Storie e segreti di Hydra
Quanti misteri attorno a questo piccolo borgo incastonato tra i Monti Aurunci e quante domande senza risposta.
Strani simboli e silenzi storici di una cittadina attraversata dalla Regina Viarum, il cui stemma è legato ai serpenti e ai cani, patria di un brigante che morì da eroe e sovrastata da un castello dove ancora oggi si aggirano forse spiriti inquieti.

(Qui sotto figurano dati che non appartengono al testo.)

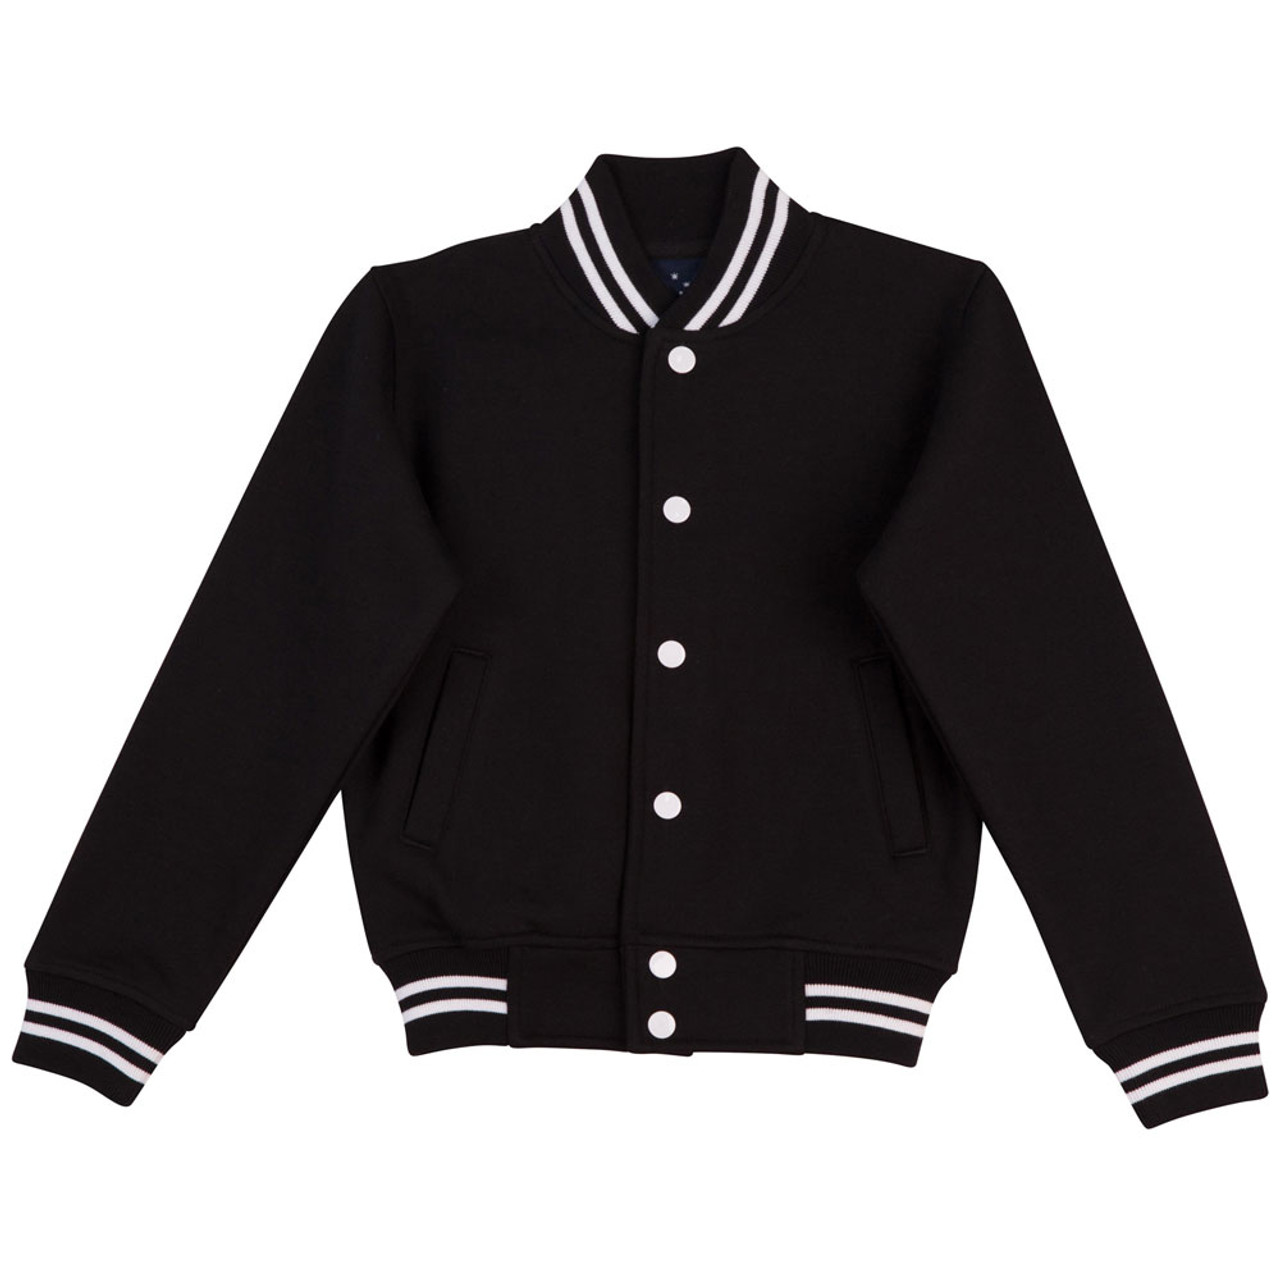 Adult/Youth Plain Varsity Jackets | college team uniforms | wholesale ...

Parliamo di Itri, 170 metri sul livello del mare a circa 10 Km dalla costa e dalle sue sorelle forse più famose come Gaeta e Sperlonga anche se il suo fascino non ha nulla da invidiare alle bellezze delle sue vicine e alla loro storia.

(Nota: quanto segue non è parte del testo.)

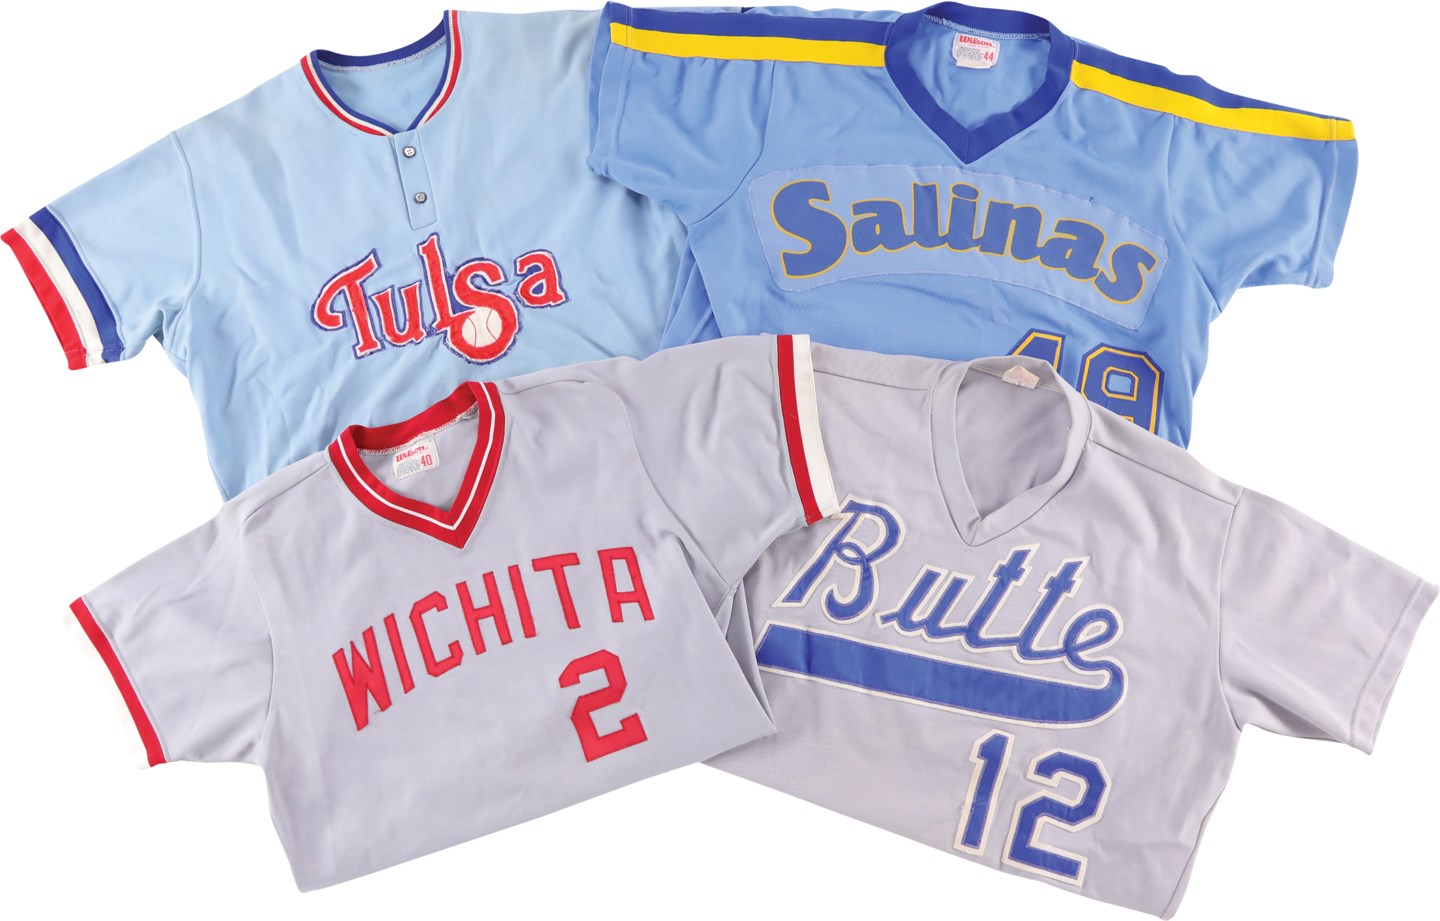 Baseball Equipment - Minor League Baseball Jerseys Full Styles (4)

In estate entrare nella città di Itri – provenendo da sud lungo la Via Appia – suscita sempre nel viaggiatore la sensazione di trovare riparo dal sole inclemente.
L’antica consolare, affiancata da oliveti e muretti a secco, porta ancora le testimonianze di un passato glorioso e si insinua nella piccola città tra strette curve, incorniciata dalla roccia a picco e il torrente attraversato da un antico ponticello.
Ci accolgono testimonianze del passaggio dei francesi sotto il Re Murat, con la fontana che porta il suo nome ma il vero protagonista è la fortezza che domina dall’alto di Monte Sant’Angelo tutta la cittadina.
Le sue mura, dal picco del monte, corrono fino quasi a valle come a voler proteggere e abbracciare o forse arginare un piccolo paese che ha ormai sconfinato dal suo perimetro.
Nodo cruciale sull’antica Via Appia, Itri è stata raccontata con sfumature diverse nei diari di viaggio e nei libri o immortalata su acquerelli o tavolozze da grandi scrittori e artisti europei soprattutto dell’Ottocento.
Lo scrittore danese Hans Christian Andersen ha lasciato un’affettuosa testimonianza della sua visita in città anche se forse qualcuno storcerà il naso ad ascoltare cosa la rendesse così fascinosa al suo sguardo.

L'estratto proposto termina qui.